Wednesday, August 6, 2014

In Shocking Praise of Cisco’s Hadoop-Using Data Warehouse

In the past, I have been quite critical both of some Cisco forays into the server space and and of user over-use of Hadoop. I find, however, to my own surprise, that Cisco’s new Hadoop-using approach to data warehousing is potentially very useful in Big Data warehouses.  Here is a short thought piece as to why this might be so.

First, a brief description of some of the key aspects of the solution, as I see them.  The Cisco approach is to view both a traditional data warehouse and the rest of the Big Data needed to provide fairly quick answers to business-critical data-scientist questions as one “virtual warehouse”, with Cisco’s data virtualization solution (based on Composite Software’s solution) as the veneer/umbrella.  Once you view all of these piece parts as part of a data-warehouse whole, it becomes possible to use not only lower-cost storage for “less-used” Big Data, but also different databases, including access to operational OLTP data stores and “mixed” query/update enterprise-app data stores.  These, however, can traditionally handle queries on much smaller data stores, because of their dual purpose and competition from updates.
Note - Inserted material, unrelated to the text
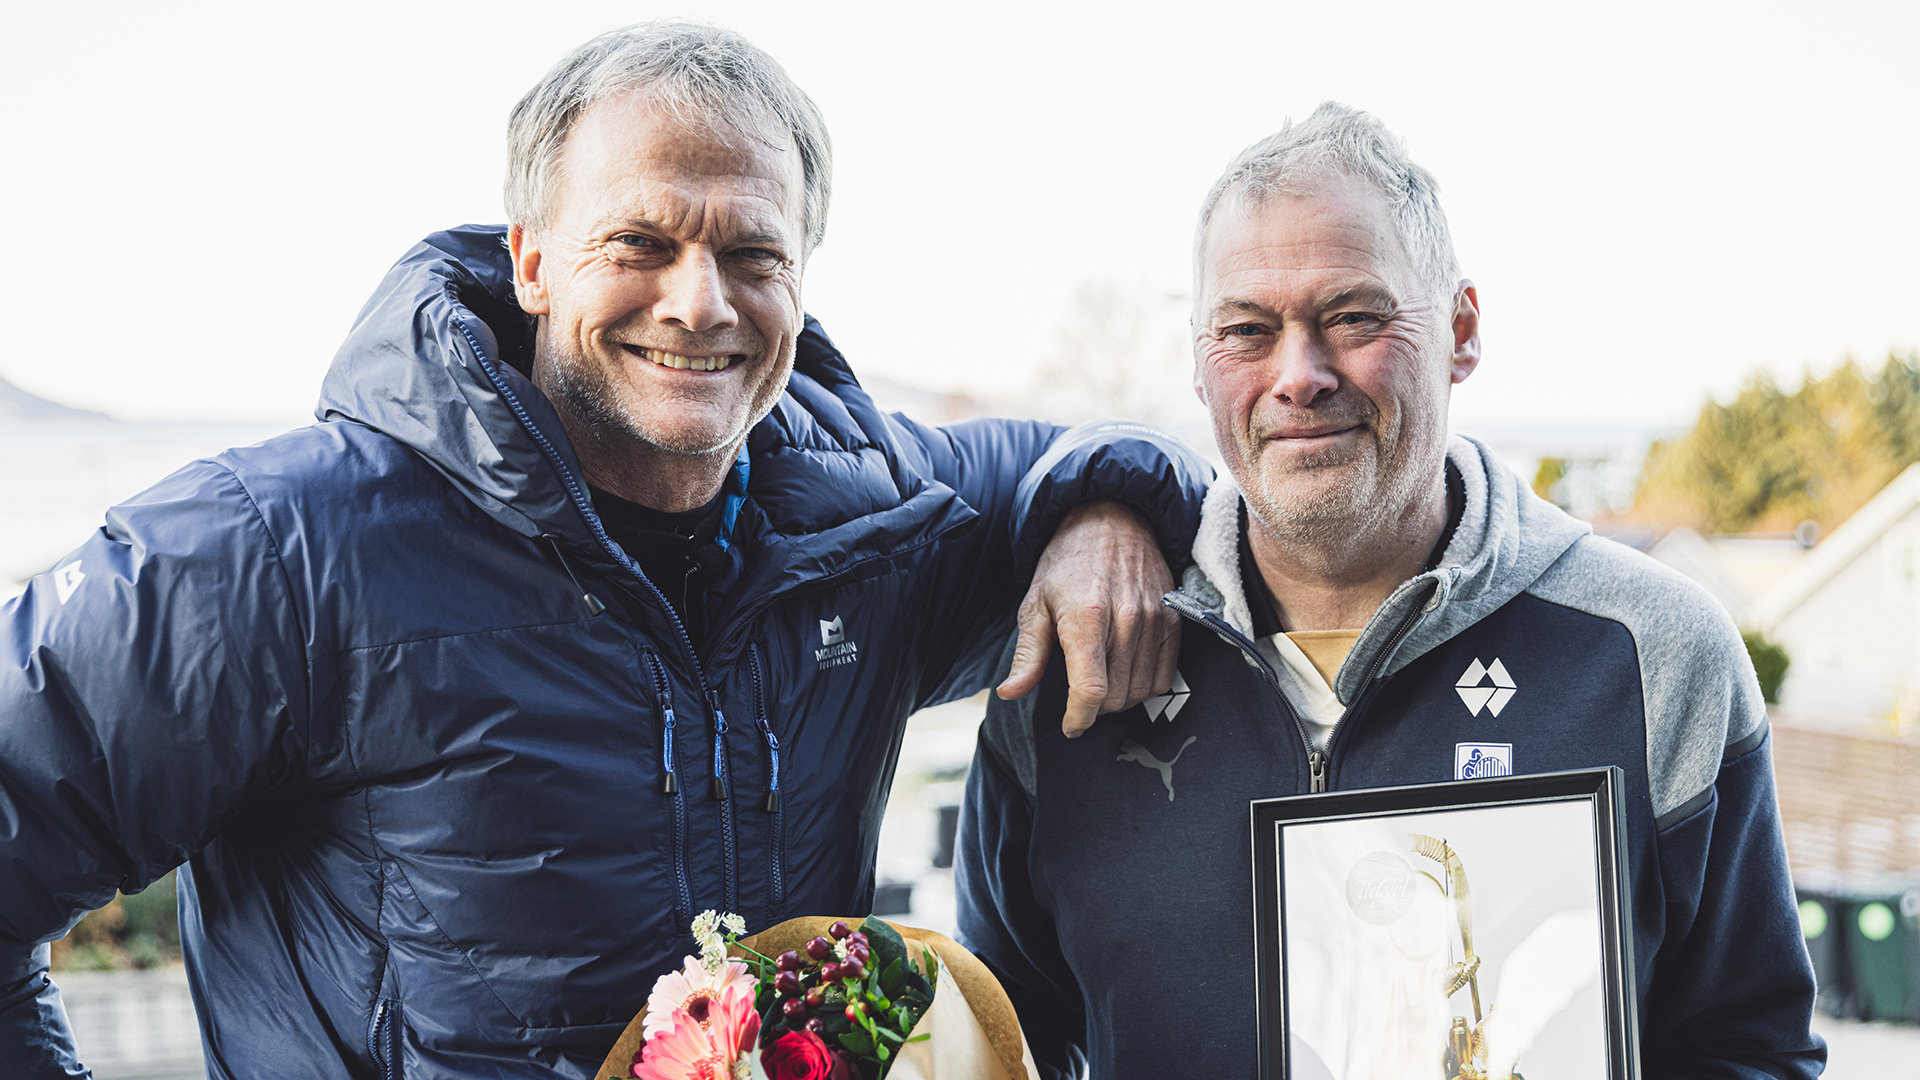 Arne Bakke Flatin er Møre og Romsdals kretsvinner til prisen Årets ildsjel

Even master-data-management systems, because it can be too constraining to rigidly copy to a central data store, suffer from this type of dual-purpose limitation.

The potential of a Hadoop database as a kind of “overload” locus, it seems to me, is that one takes a database optimized for querying data that is so Big that relational approaches alone cannot process it, and use it as “overflow” space for handling data that is so Big that a traditional data warehouse cannot handle it.  A potential side benefit is that, these days, much of the massive “overflow” data may very well be social-media information – the type of information on which Hadoop, MapReduce, and Hive cut their teeth.  And, of course, however inefficient in-house Hadoop has been, here at least is one area in which IT Hadoop experience allows better optimization of the Hadoop side of the virtual data warehouse.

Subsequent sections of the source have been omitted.